___ EXERCISE DATA

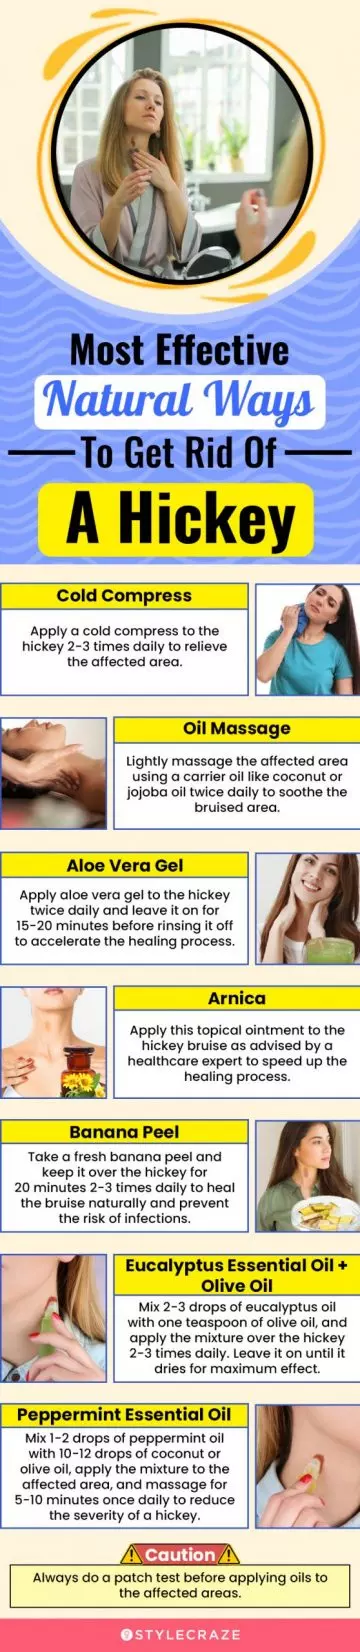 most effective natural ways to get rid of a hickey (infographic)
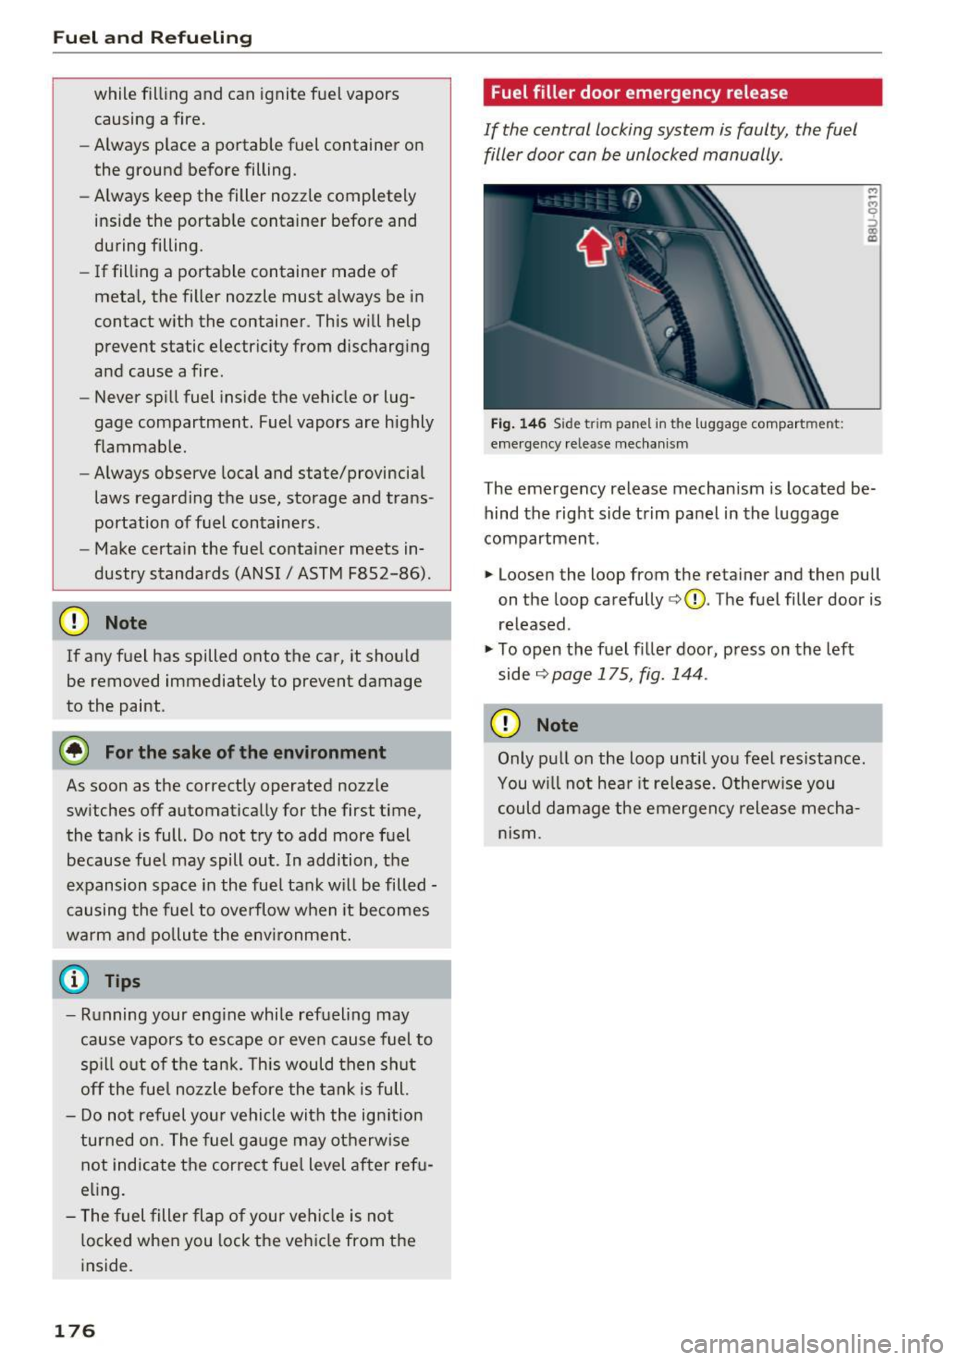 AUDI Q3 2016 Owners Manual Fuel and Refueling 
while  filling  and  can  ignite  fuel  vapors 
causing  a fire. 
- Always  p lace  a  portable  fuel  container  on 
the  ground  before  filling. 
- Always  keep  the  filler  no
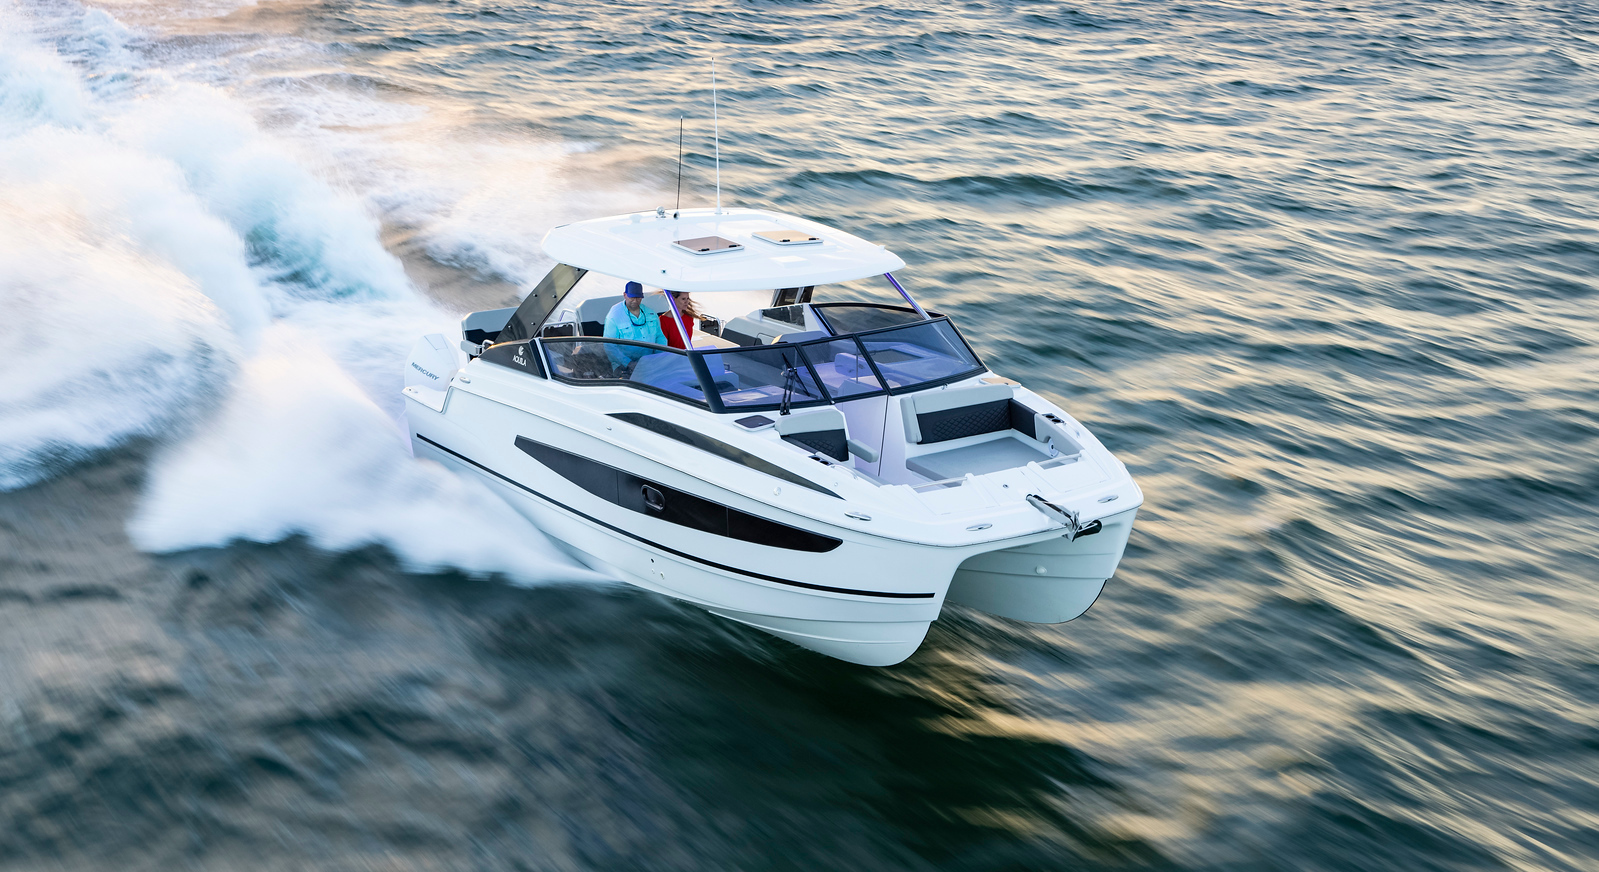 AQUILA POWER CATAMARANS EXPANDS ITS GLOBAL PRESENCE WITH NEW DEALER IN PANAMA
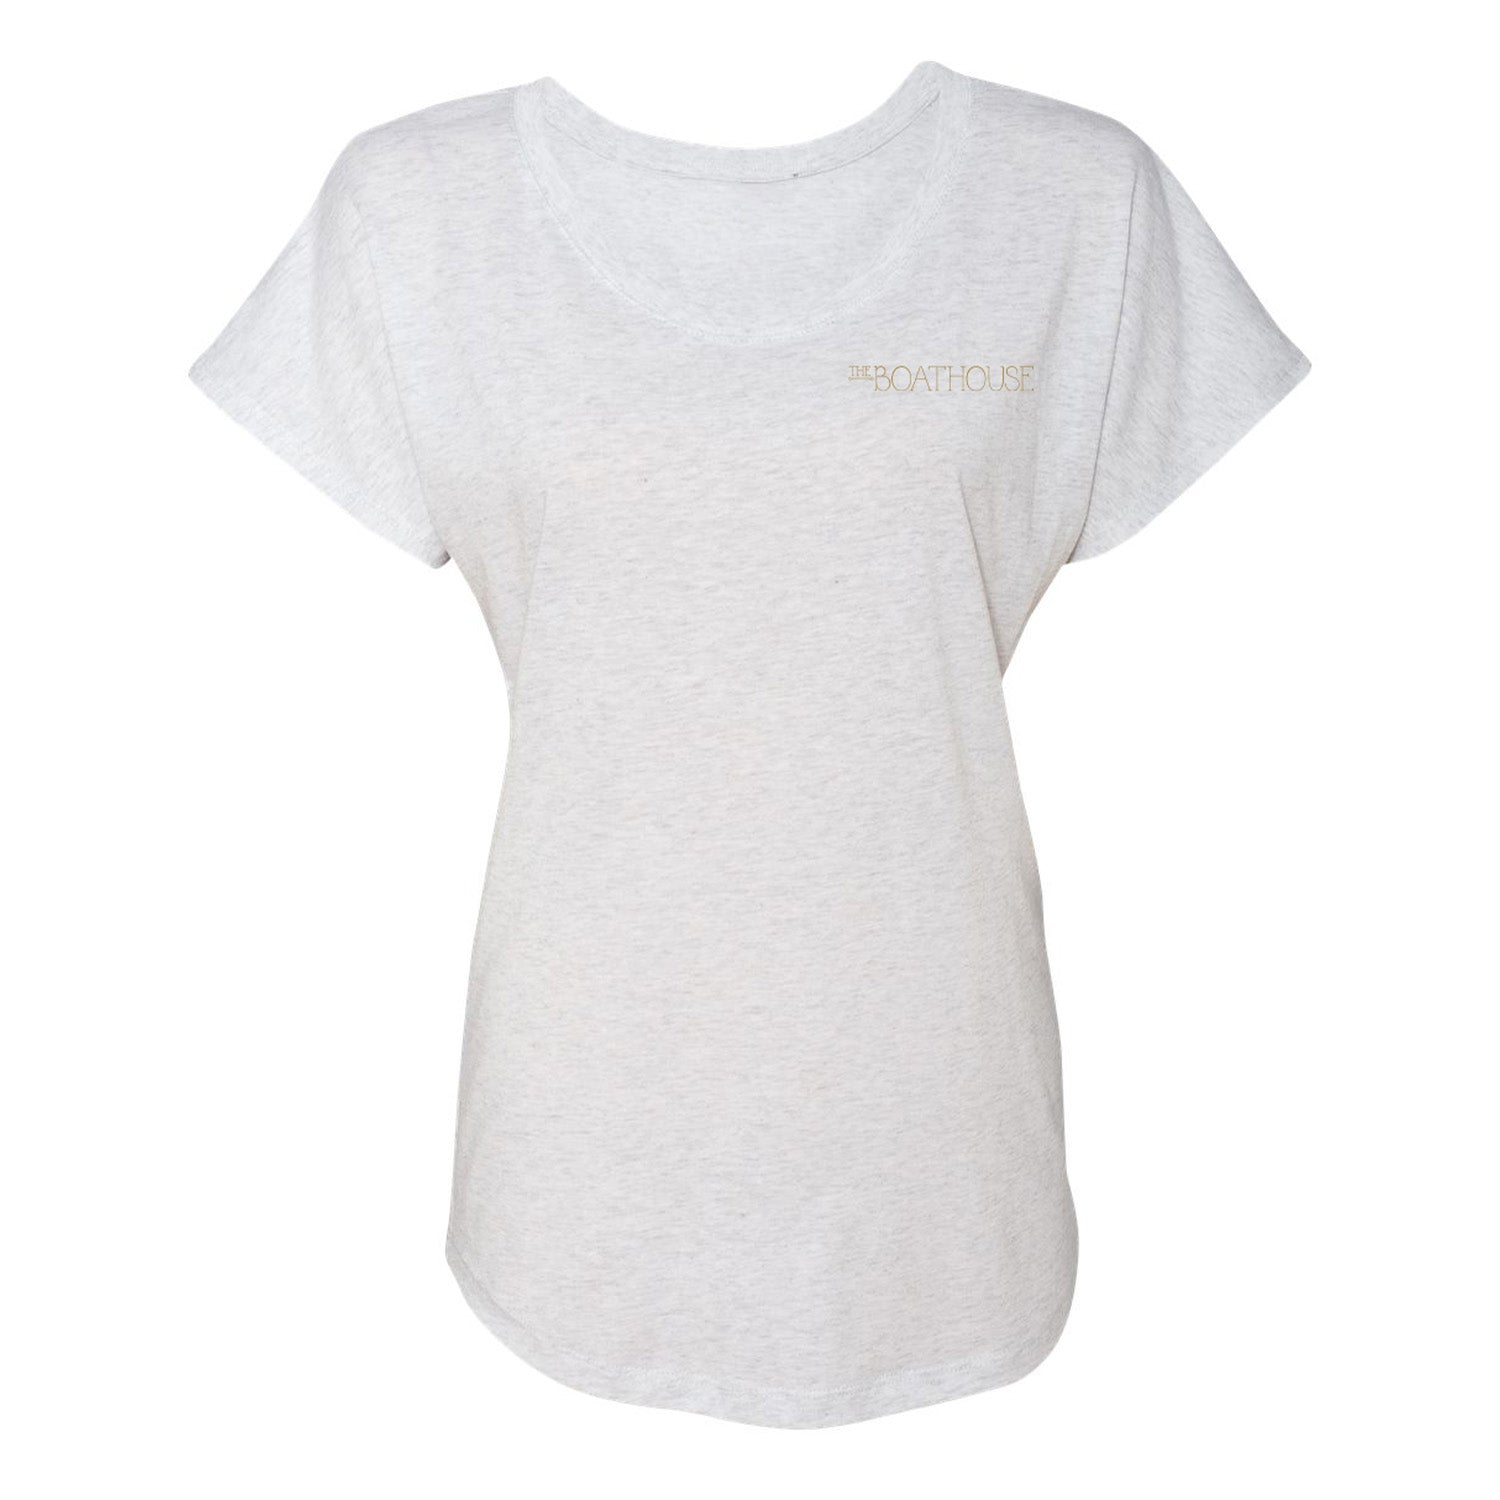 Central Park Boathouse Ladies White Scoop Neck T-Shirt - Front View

______

Your answer must consist of every line in the listing that contains "Always".

SOLVED PROBLEM:
- Always  p lace  a  portable  fuel  container  on 
- Always  keep  the  filler  no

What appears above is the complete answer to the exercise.